Italian painter (1578–1615)

Bartolomeo Schedoni (sometimes Schedone) (1578 – 23 December 1615) was an Italian early Baroque painter from Modena.

==Biography==
He was born in Modena, and moved to Parma with his father, a mask-maker who served the Farnese court. In 1595 Schedoni traveled to Rome, where he apprenticed briefly under Federico Zuccari with the sponsorship of Ranuccio I Farnese, Duke of Parma.
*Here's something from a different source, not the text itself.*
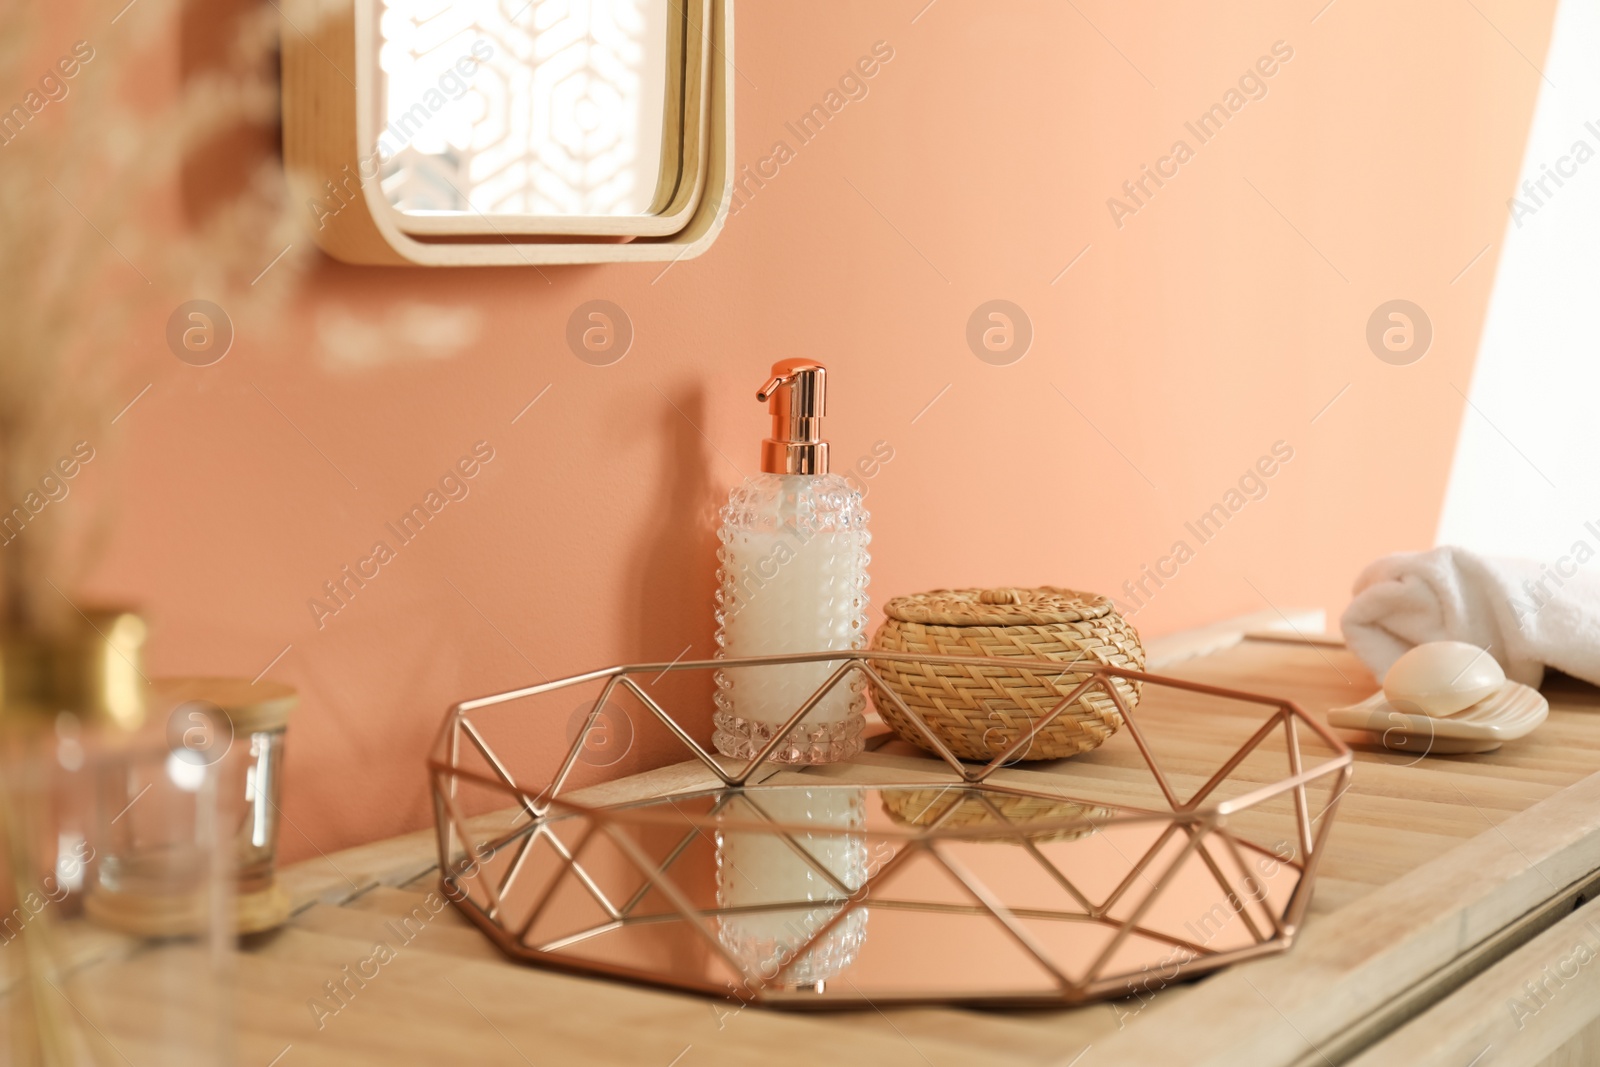 Photo of Soap dispenser and toiletries on wooden table indoors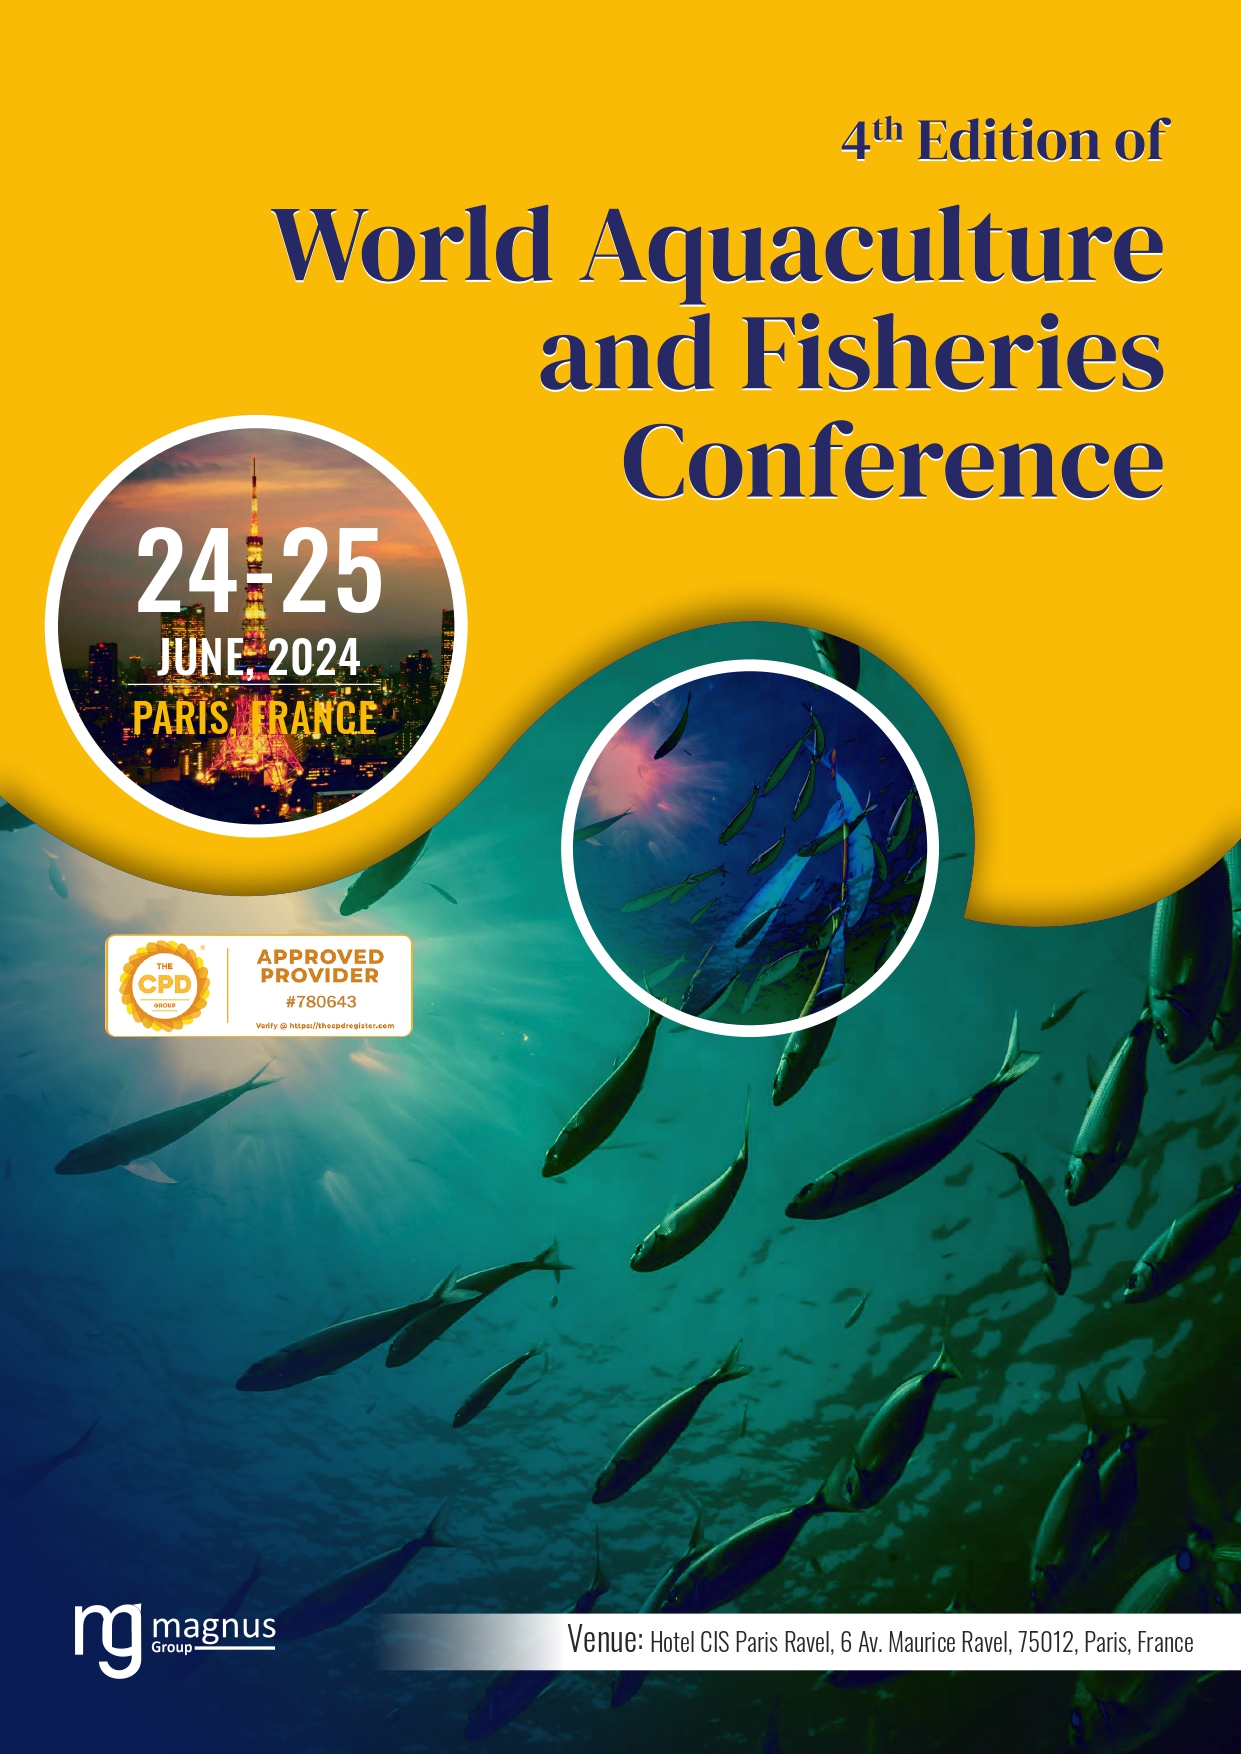 4th Edition of World Aquaculture and Fisheries Conference | Paris, France Book

After falling ill, he returned to Parma. The baroque art historian Count Carlo Cesare Malvasia (1616–1693) claims that Schedoni trained under Annibale Carracci in Bologna, although this is questionable; his early work reveals instead his study of Correggio's works in Parma.

Schedoni's earliest known commission was in 1598. He left Parma after an imprisonment for assault, and relocated to Modena. There he served as painter to the court of Cesare d’Este, and collaborated with Ercole dell'Abate in decorating the ceiling of the Sala del Consiglio Vecchio of the Palazzo Comunale. After an interruption caused by Schedoni's imprisonment for another altercation, this work was completed in July 1607.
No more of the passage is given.